*How to complete this task*: Identify each line below containing the string "Yang" and copy it.
BEGIN
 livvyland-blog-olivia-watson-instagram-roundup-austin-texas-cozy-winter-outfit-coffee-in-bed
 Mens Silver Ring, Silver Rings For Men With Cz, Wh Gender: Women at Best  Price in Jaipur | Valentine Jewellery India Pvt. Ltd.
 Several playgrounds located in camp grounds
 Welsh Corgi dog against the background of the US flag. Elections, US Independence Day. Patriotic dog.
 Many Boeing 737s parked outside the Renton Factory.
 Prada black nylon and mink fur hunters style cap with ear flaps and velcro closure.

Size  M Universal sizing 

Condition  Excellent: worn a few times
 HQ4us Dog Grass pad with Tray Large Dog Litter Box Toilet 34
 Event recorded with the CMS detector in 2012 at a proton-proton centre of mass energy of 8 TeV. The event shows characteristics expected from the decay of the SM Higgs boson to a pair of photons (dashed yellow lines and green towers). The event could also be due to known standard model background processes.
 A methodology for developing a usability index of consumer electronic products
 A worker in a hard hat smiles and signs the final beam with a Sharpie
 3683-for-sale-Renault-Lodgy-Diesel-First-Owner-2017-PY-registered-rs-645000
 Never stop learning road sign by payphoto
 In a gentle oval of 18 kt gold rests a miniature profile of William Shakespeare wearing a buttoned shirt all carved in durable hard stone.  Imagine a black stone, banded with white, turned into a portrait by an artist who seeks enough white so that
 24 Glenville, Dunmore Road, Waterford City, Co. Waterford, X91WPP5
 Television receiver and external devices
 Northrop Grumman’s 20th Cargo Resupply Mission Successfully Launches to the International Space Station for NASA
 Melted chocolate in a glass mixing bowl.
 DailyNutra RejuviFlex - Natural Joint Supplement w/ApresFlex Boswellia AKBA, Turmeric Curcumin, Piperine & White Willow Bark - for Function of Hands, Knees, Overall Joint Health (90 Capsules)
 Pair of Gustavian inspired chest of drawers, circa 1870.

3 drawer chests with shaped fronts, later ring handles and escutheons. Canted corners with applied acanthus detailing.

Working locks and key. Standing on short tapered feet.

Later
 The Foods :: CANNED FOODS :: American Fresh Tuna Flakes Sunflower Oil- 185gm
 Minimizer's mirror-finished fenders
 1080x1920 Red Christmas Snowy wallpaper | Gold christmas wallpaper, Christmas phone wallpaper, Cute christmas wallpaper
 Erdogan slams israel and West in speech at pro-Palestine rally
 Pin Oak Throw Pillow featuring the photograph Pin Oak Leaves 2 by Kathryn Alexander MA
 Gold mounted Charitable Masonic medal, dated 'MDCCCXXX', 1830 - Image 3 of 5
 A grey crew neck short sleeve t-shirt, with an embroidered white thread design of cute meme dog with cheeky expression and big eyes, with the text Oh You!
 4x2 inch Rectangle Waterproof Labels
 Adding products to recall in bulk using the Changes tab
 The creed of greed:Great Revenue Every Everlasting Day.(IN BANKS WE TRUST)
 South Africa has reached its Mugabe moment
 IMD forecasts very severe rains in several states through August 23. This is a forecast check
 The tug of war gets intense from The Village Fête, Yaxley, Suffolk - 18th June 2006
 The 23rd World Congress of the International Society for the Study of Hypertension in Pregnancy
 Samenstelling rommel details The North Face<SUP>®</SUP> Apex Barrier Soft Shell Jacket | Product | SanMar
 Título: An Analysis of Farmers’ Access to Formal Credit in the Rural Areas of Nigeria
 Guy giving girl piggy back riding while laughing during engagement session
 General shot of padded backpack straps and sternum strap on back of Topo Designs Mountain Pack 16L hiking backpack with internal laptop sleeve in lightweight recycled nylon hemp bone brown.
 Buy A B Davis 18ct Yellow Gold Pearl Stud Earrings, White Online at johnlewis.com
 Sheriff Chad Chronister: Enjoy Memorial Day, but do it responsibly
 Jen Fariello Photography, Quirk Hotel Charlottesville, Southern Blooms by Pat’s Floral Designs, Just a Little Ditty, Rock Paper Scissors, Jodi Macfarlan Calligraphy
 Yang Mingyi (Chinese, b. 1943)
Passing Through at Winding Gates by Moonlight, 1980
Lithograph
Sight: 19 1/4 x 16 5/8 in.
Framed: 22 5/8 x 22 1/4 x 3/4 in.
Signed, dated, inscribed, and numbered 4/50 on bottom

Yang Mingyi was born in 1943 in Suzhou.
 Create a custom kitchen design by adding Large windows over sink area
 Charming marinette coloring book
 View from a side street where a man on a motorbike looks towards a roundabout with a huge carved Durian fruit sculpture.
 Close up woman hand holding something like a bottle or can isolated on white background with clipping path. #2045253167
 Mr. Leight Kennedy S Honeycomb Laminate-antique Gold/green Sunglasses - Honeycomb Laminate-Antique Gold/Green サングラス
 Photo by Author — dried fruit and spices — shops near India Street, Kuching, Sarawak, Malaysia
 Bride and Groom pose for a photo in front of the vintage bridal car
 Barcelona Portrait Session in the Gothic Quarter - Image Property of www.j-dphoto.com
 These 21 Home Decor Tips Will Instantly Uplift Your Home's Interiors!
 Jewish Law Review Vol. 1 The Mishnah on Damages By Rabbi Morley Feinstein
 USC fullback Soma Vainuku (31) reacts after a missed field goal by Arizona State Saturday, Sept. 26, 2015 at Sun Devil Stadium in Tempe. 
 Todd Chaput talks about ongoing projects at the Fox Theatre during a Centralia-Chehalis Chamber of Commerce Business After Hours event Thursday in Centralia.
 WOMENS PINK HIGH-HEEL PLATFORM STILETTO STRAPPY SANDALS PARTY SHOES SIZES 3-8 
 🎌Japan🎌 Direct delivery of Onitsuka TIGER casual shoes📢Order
END
*Response to this exercise*:
 Yang Mingyi (Chinese, b. 1943)
Yang Mingyi was born in 1943 in Suzhou.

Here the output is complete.